For Generation Z, the path to the future can feel as though it is filled with cracks. El Paso – often labelled as a “brain drain city,” can frame the job opportunities as limited.
Younger generations often question if there are a limited number of job options or if they just not looking in the right places, leading for many to flee to bigger job markets.
Because of the limitless opportunities for the future, younger generations often feel overwhelmed by the negative connotation around job searching and future planning is what the newly established program Centre Future hopes to ease.
Located at the Main Library at 501 N Oregon St., Centre Future focuses on mentoring and empowering 16 to 24-year-olds in El Paso. The organization is free and offers developmental tools, learning opportunities and easier access to information and resources throughout the community. Centre Future ultimately aims to instill agency and clarify pathways towards the target audience’s desired futures, whether within El Paso or beyond.

They help guide the youth by utilizing outreach and partnering up with other organizations. For example, they joined forces with Love Letters of El Paso to host “Femmes of the Future,” a storytelling event on the streetcar, where they celebrated Women’s History Month through poetry, music and open mic performances.
Additionally, at their location at the Main Library they host workshops. Email etiquette 101, starting a YouTube channel, resume building and interview empowerment are all variations of workshops they host for career enrichment.
“What we’re trying to do as a program is really solve what is stopping people from going to work, to school and to give them the agency to be able to pursue the future that they want,” Centre Future employee Alexa Harrison said.
While the Main Library showcases it’s traditional literacy shelves and study spaces, Centre Future is a vibrant, Y2K-inspired office perfectly capturing the dynamic environment that resonates with Gen Z.
Centre Future said they chose a more vibrant space to represent what they stand for because they wanted to cater to the youth, blaming the main cause for brain drain as the youth’s surroundings.
They said Gen Z is an affirmative and highly innovative generation, yet when things do not serve them anymore, they move on.

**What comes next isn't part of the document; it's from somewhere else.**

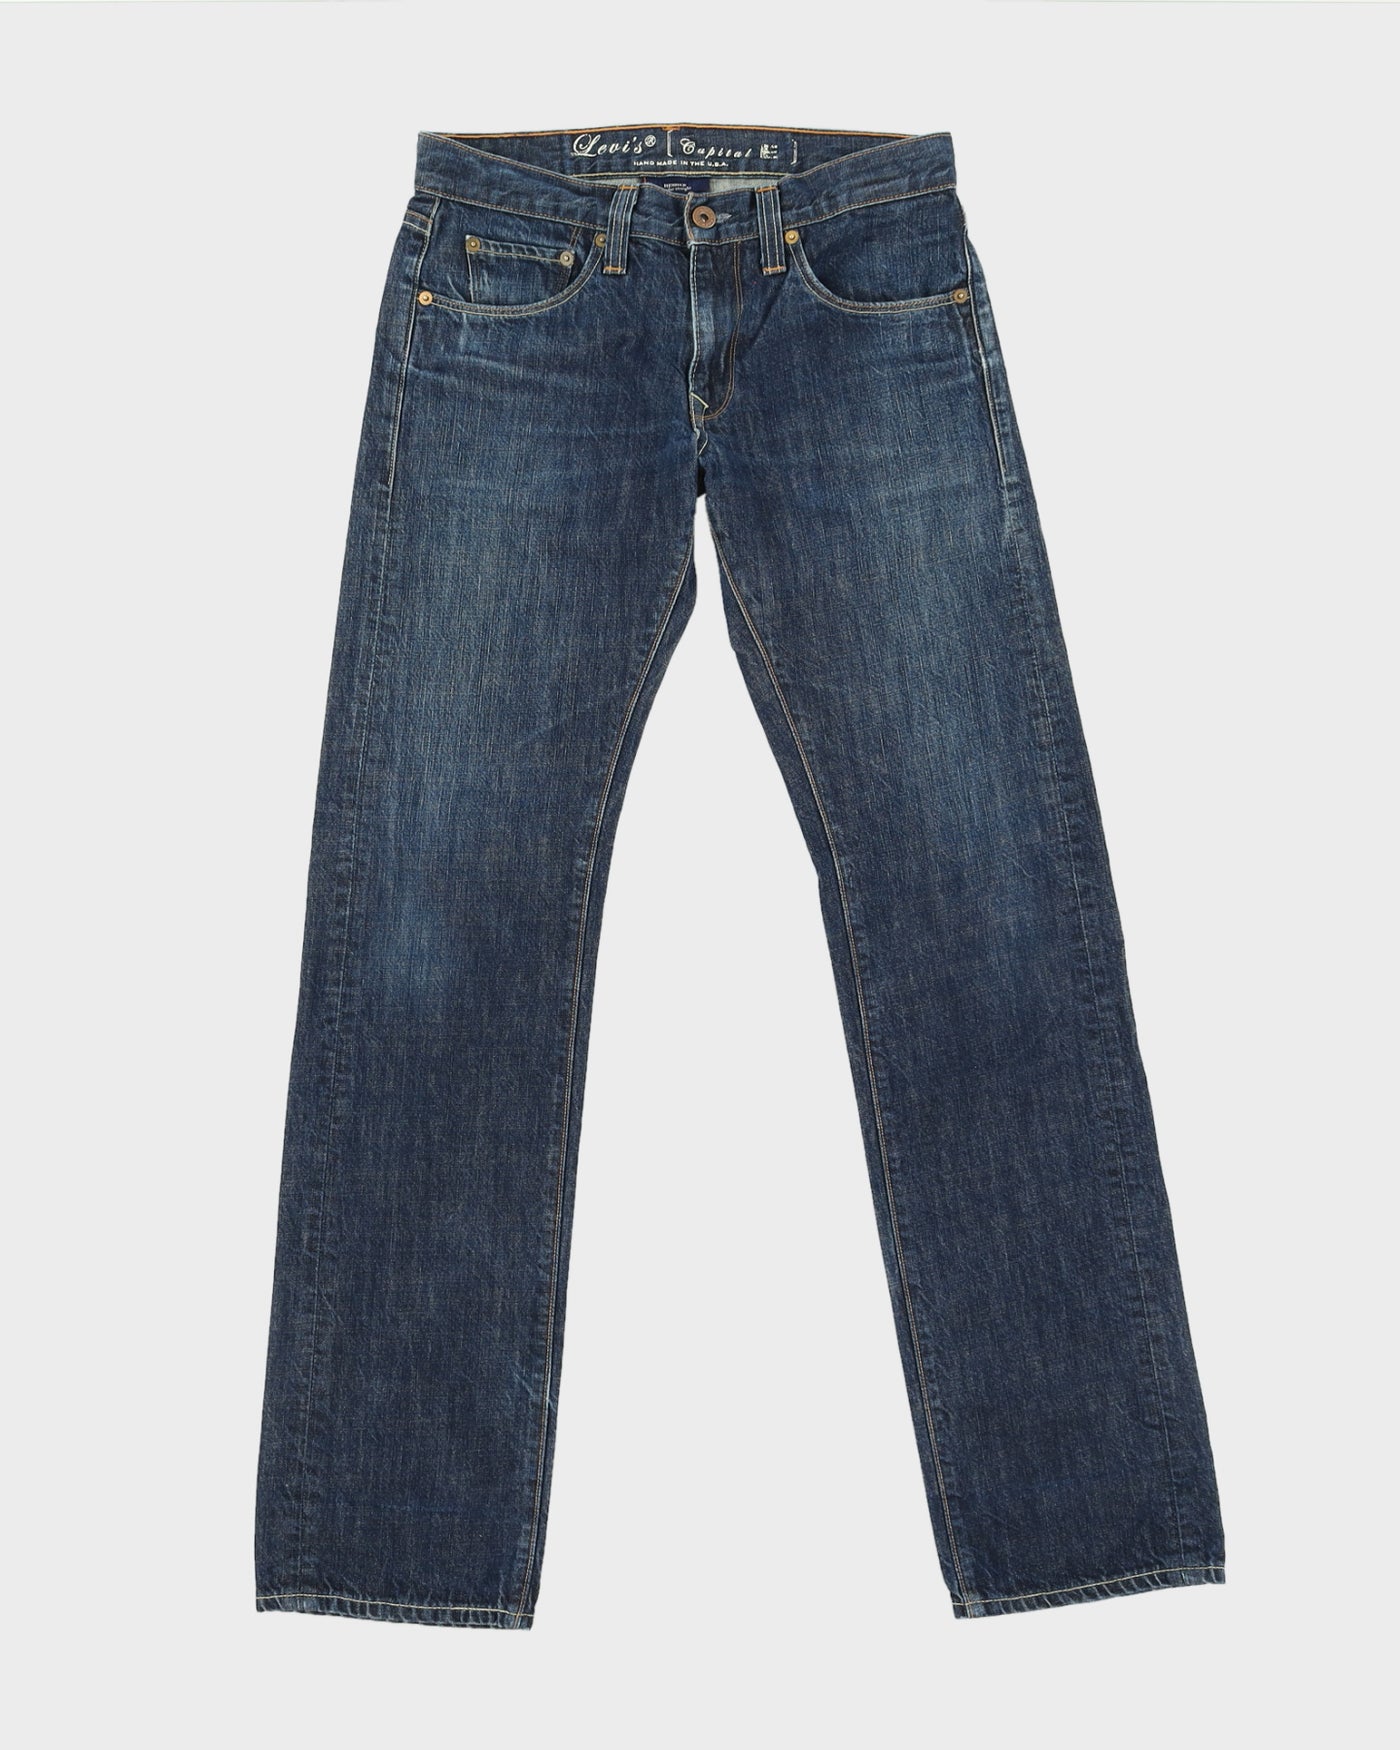 00s Levi's Capital E Hesher Blue Jeans - W29 L35 – Rokit

When it comes to the Gen Z workforce, a key element is the older generation passing down their knowledge, experience, and confidence to the younger generation. However, cultural shifts created a growing divide between them.
Gen Z is constantly getting hit with the “cultural aversion to change,” Centre Future employee, Kalina Gallardo said.
Gallardo said older generations uttering the phrase, “this is the way things are,” often causes a disruption in generational connections. While older generations’ frameworks were effective for them, it fails to align with the youth’s aspirations.
“Operate in a culture of abundance,” Gallardo said.“(Elders) should be uplifting, empowering and enlightening (Gen Z).”

With some graduating secondary education during a pandemic that disrupted their learning to entering a job market frozen by economic uncertainty, navigating life after college has presented Gen Z with unique challenges.
Although Centre Future says what Gen Z holds persistent is drive, movement and grind. Centre Future urges the normalization of diligent effort, suggesting that “it is okay to have a college job to simply pay bills, but to find the beauty in working.” They urge the generation to live in the present and work hard right now to pave the way for the future.
Centre Future said their objective is not dictating actions, but to build trust in the community. “Brain drain” can build doubt and turn the city into a judgmental space that discourages young people from pursuing their dreams beyond El Paso.
Centre Future collectively wants to challenge the youth to not only find the power of belief in themselves, but to also find it in outside forces in El Paso again.
Brain drain, isn’t seen as a negative concept to Centre Future. Their program offers Gen Z the chance to explore El Paso’s potential and see what transpires. Centre Future reminds the El Paso community, “If you feel the need to leave, leave. Go for it!”
But just like Gen Z, Centre Future is here and taking up space, establishing agency and working to flip El Paso’s narrative, that staying in El Paso is a step worth taking and that it is possible to fall in love with the future.